Dans le cas de l’offre d’autoformation à distance, le principal besoin suscité est sans doute
celui de flexibilité. Il s’agit d’obtenir une réponse à son besoin de formation quand et où le
stagiaire le souhaite. On rejoint le concept de « Just In Time Open learning » testé dans un
projet Européen du même nom (Lewis, 1995).
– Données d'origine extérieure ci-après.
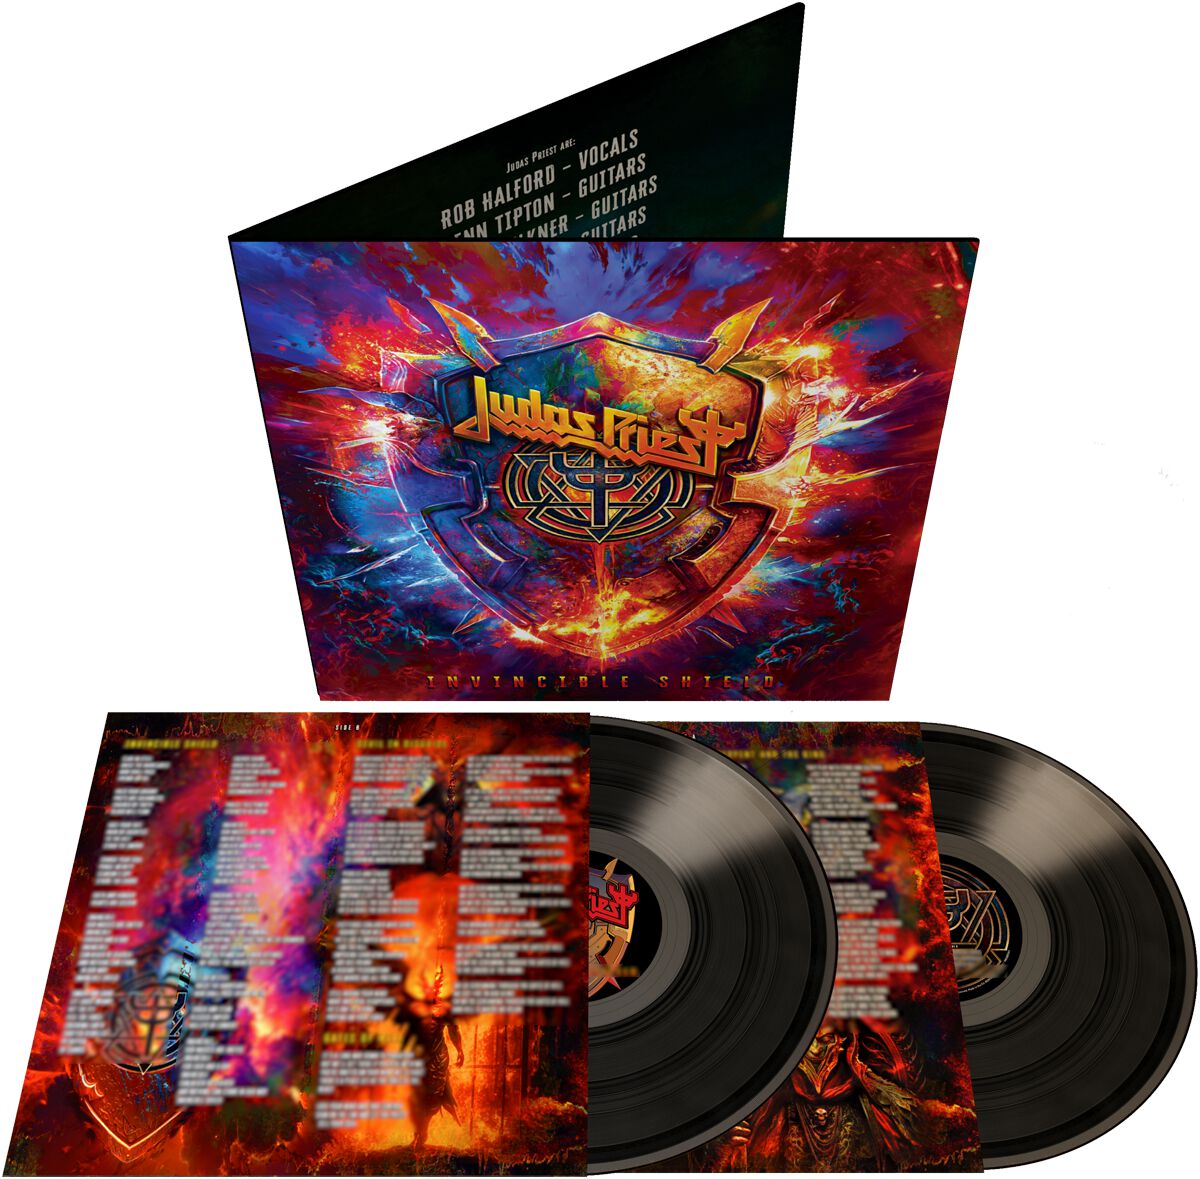 Judas Priest Invincible shield LP multicolor

La réponse à un tel besoin suppose : une
activité de recherche-développement permanente qui analyse les besoins des apprenants,
conçoive et réalise les modules de cours et les adapte ainsi que la formation et l’animation
d’une équipe de tuteurs.
- Analyse des conditions d’accès aux ordinateurs Cette condition d’accessibilité aux
ressources est largement mentionnée dans la littérature. Cependant, le risque est grand de la
laisser à la seule responsabilité de l’apprenant. Dans le cas décrit, l’apprenant devrait pouvoir
accéder aisément à un ordinateur muni d’un modem pour la connexion Internet. Il devrait
pouvoir télécharger certaines parties du cours pour limiter l’investissement financier et
bénéficier d’une préparation technique et méthodologique préalable.
Selon sa manière
d’apprendre, l’apprenant devrait, en outre, accéder à la formation, à sa meilleure convenance,
à son domicile, sur son lieu de travail ou au centre de ressource.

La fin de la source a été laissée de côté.